(Items from a data source)
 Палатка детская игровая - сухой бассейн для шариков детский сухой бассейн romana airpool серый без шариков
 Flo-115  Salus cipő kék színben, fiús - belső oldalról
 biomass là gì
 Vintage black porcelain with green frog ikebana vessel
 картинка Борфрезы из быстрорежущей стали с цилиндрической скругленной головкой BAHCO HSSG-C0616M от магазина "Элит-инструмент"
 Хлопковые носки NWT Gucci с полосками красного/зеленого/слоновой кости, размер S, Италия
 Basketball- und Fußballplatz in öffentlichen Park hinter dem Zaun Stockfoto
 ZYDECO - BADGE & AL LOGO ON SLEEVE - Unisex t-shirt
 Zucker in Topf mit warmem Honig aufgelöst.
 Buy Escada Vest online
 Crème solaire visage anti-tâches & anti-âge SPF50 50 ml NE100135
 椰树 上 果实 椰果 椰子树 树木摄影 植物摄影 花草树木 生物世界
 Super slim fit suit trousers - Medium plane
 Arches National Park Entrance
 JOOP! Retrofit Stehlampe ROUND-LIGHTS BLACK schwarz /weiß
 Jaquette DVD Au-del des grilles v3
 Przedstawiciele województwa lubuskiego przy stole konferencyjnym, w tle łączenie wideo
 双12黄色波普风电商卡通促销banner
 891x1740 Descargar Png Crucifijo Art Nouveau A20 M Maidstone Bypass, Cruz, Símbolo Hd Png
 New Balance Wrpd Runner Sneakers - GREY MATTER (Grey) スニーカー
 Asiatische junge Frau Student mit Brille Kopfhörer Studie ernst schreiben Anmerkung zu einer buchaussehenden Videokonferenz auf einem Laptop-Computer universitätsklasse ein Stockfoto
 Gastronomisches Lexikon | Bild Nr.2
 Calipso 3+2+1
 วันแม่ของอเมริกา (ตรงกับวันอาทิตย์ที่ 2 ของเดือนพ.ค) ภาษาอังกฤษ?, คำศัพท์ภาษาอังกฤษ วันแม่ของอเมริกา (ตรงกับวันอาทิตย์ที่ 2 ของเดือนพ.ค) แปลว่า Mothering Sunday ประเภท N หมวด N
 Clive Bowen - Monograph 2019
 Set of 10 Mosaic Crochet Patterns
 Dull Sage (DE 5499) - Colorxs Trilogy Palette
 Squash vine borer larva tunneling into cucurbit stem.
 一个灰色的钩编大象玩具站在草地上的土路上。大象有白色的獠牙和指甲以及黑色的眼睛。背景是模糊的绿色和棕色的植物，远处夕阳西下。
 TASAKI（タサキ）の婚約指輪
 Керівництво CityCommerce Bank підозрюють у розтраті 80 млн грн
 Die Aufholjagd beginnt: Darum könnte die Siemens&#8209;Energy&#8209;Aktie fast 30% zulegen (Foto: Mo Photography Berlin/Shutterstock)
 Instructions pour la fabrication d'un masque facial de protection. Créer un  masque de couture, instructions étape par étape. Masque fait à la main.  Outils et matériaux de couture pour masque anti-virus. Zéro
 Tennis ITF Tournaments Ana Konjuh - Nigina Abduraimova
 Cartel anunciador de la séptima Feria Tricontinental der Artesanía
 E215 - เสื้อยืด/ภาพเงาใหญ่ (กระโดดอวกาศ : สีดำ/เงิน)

• TASK DIRECTIONS:
Using the entries above, quote each line verbatim from the first through the line that contains "Vintage black porcelain".

• SOLUTION TO THIS EXERCISE:
 Палатка детская игровая - сухой бассейн для шариков детский сухой бассейн romana airpool серый без шариков
 Flo-115  Salus cipő kék színben, fiús - belső oldalról
 biomass là gì
 Vintage black porcelain with green frog ikebana vessel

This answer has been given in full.